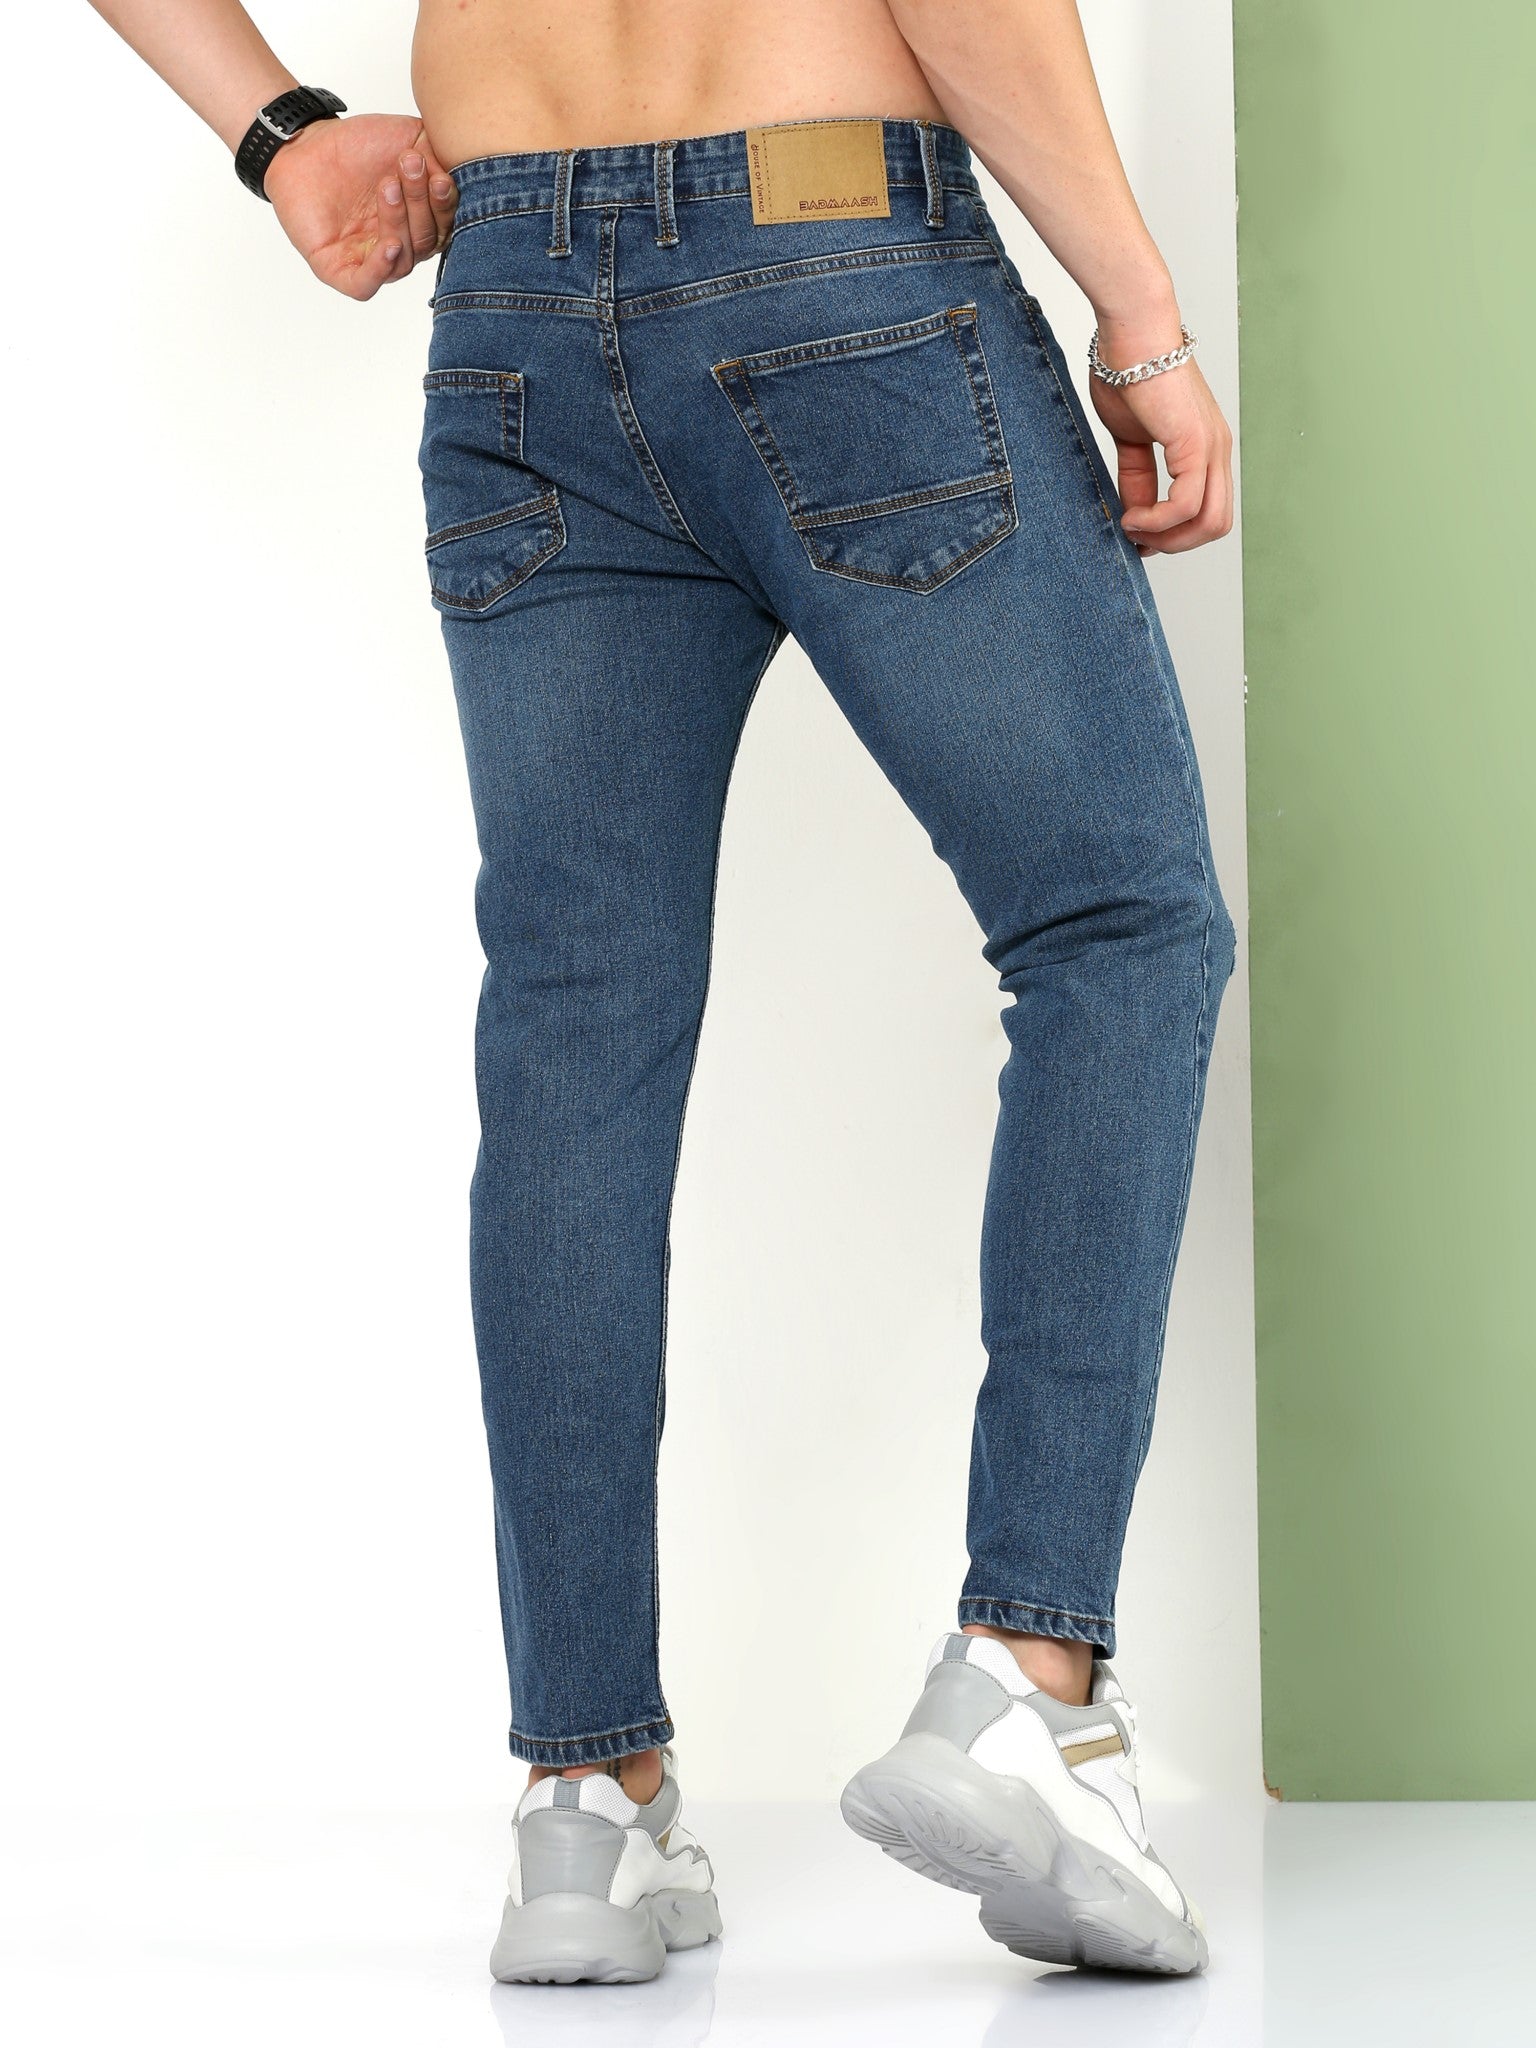 Duplikere Udøve sport Saml op Shop Regatta Blue Skinny Jeans Online – Badmaash
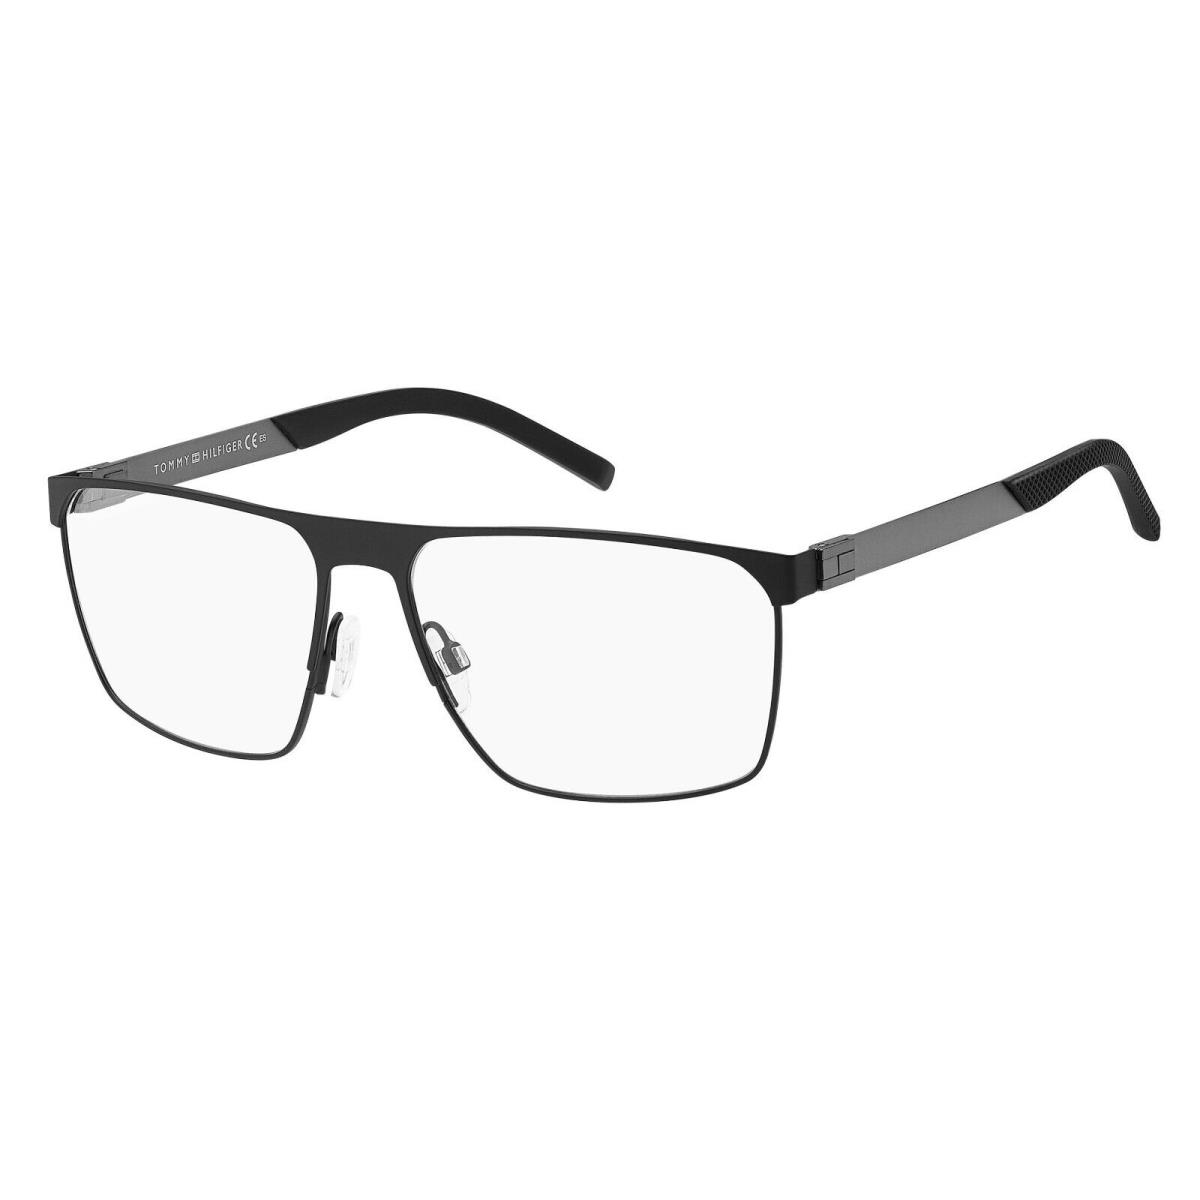 Tommy Hilfiger Men`s Eyeglasses TH 1861 003 61 mm Black Grey Ophthalmic Frame
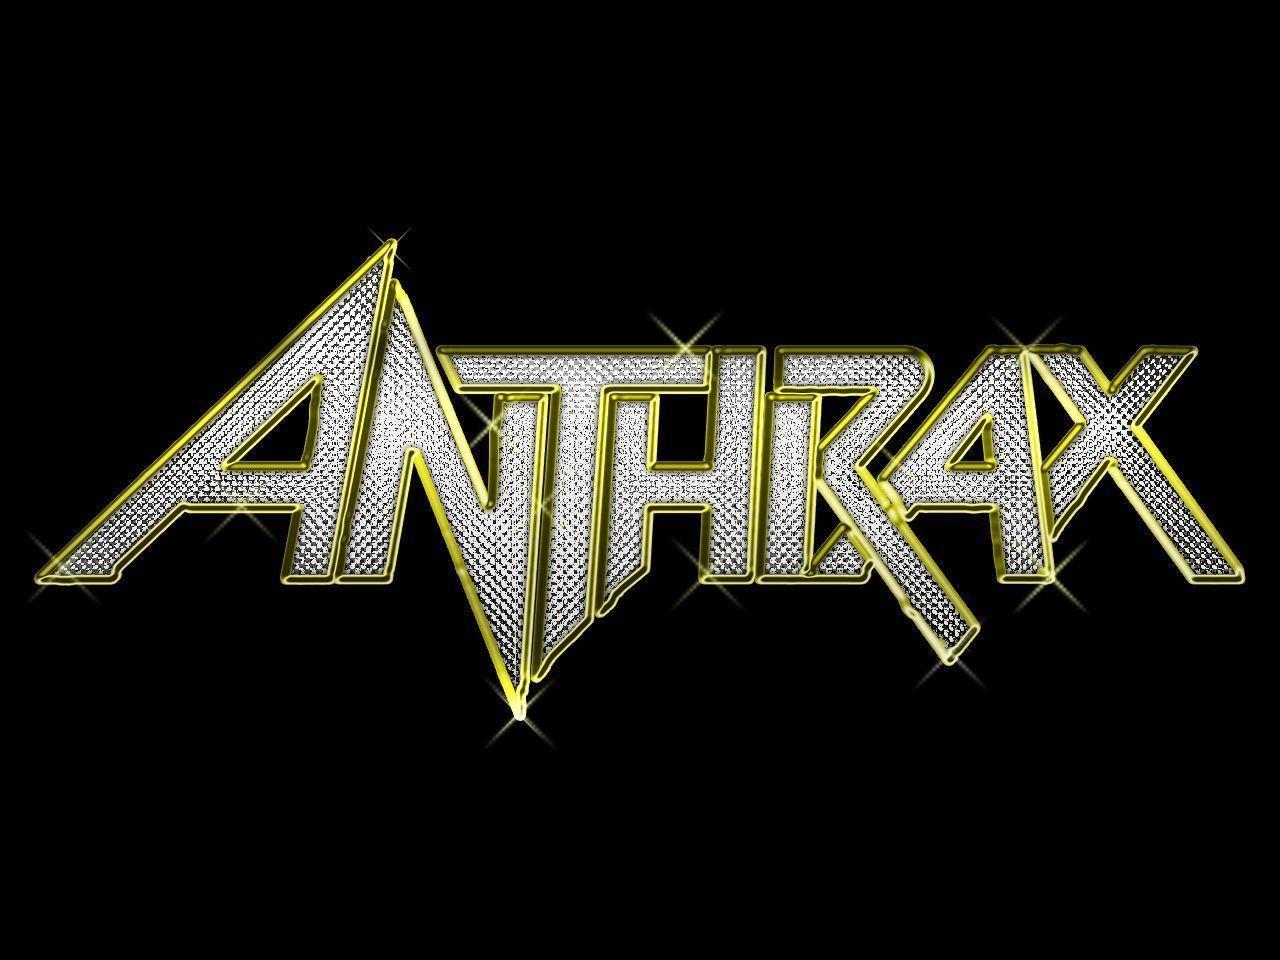 Anthrax Wallpaper -A12 Band Wallpaper
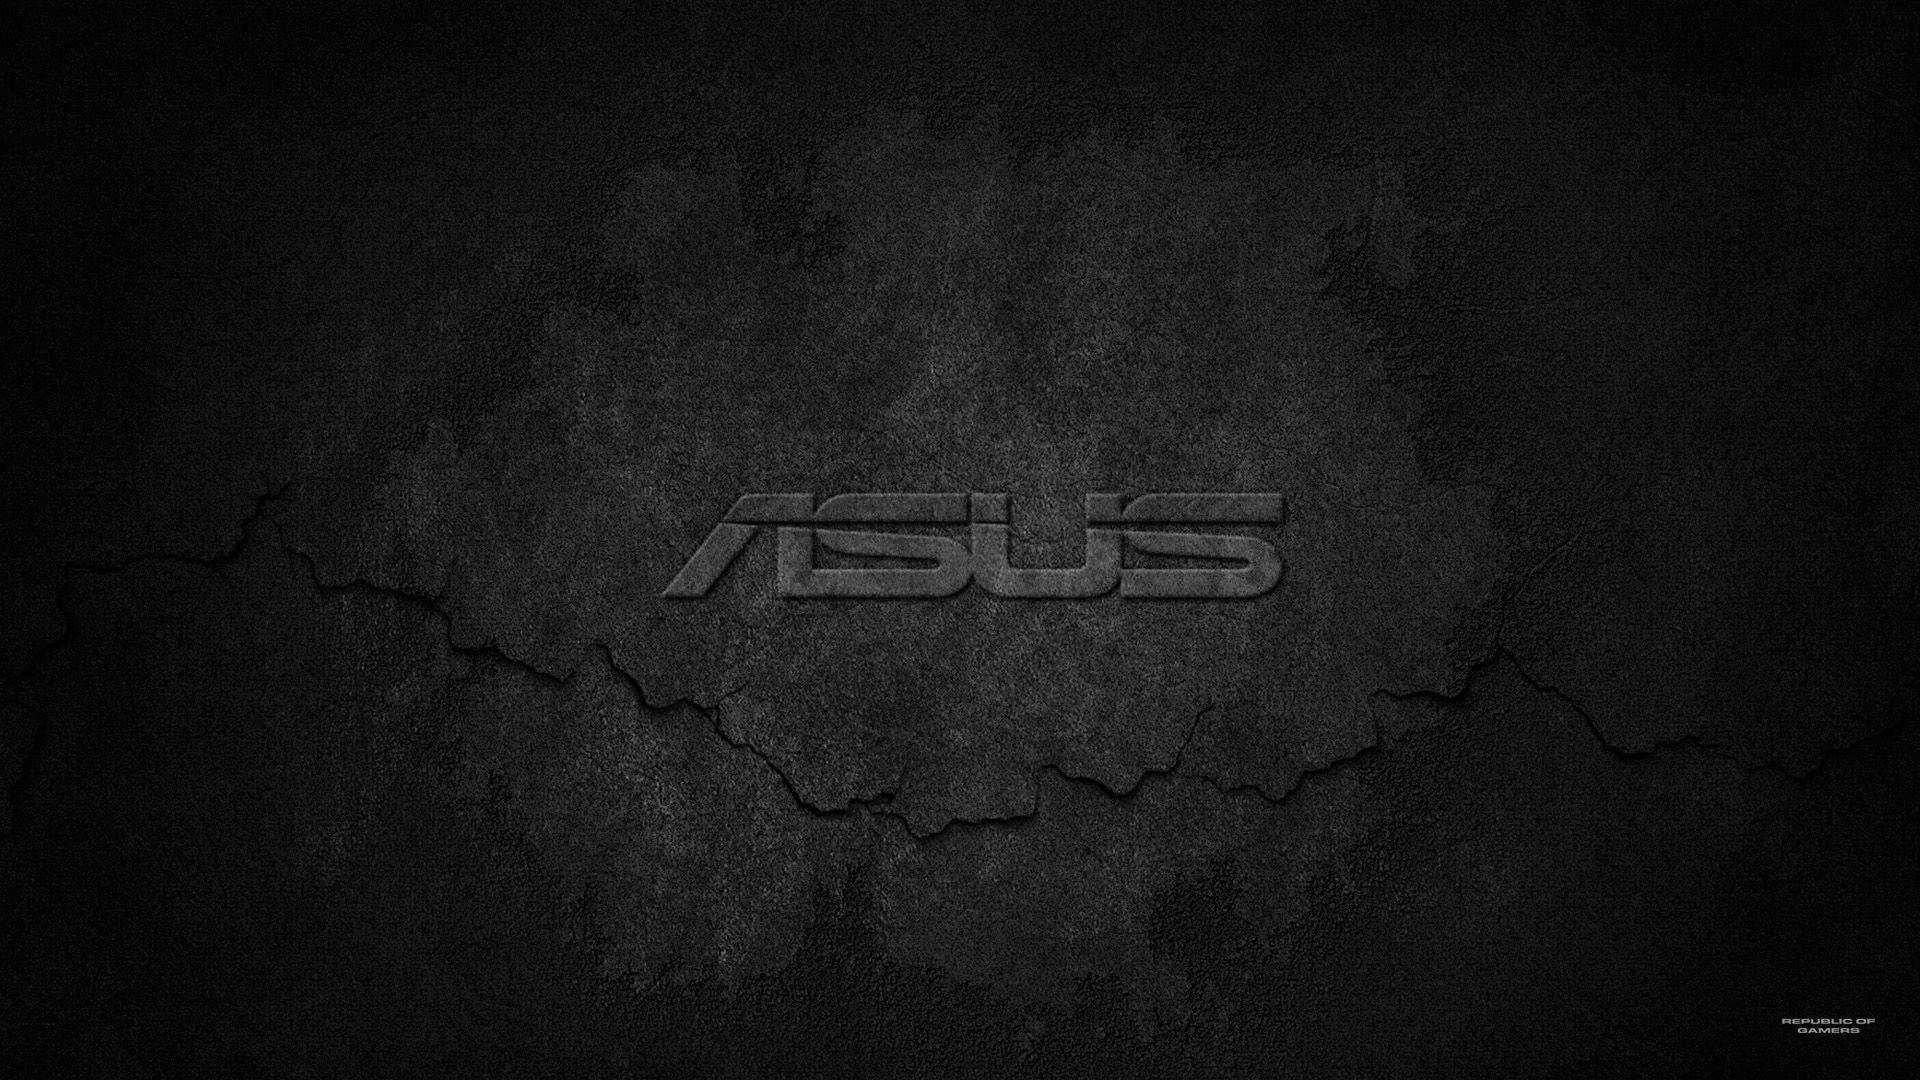 Premium Asus Rough Logo Background
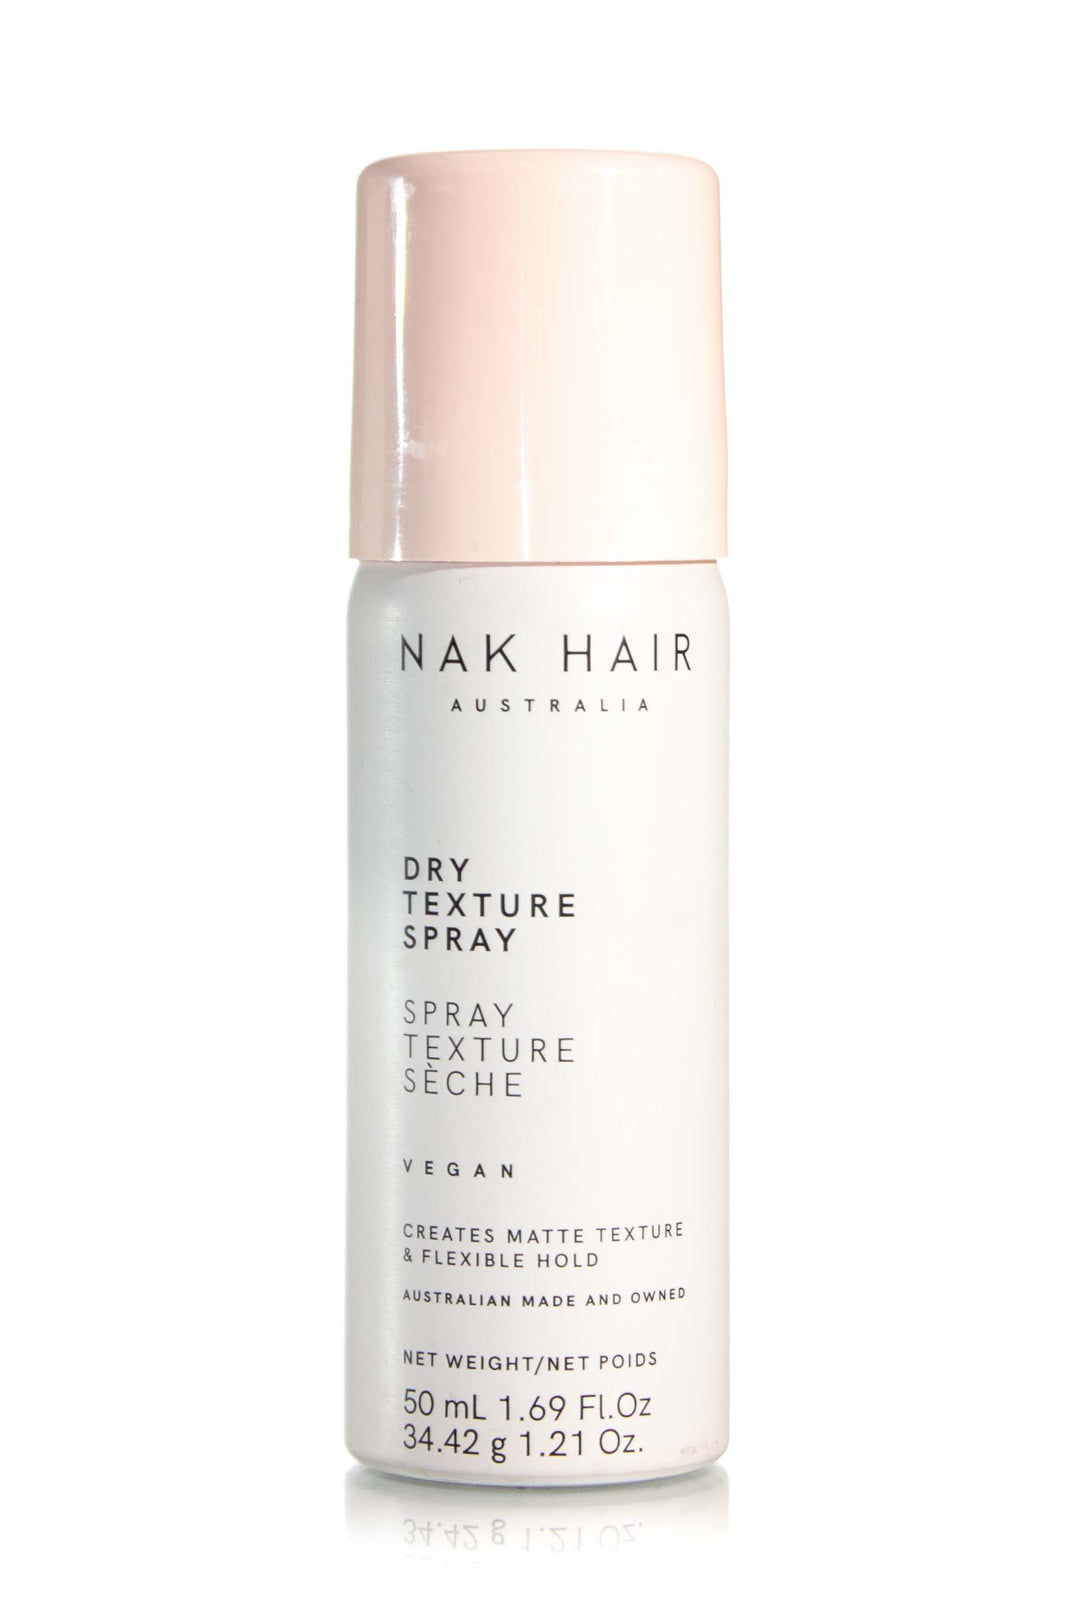 NAK HAIR Dry Texture Spray
────
» TASK TO CARRY OUT: Transcribe every line from the one containing "Anthrax Wallpaper -A12 Band Wallpaper" to the end of the listing, exactly and exclusively. Do not carry any picture over.

» RESULT OF THIS TASK:
 Anthrax Wallpaper -A12 Band Wallpaper
 Premium Asus Rough Logo Background
 NAK HAIR Dry Texture Spray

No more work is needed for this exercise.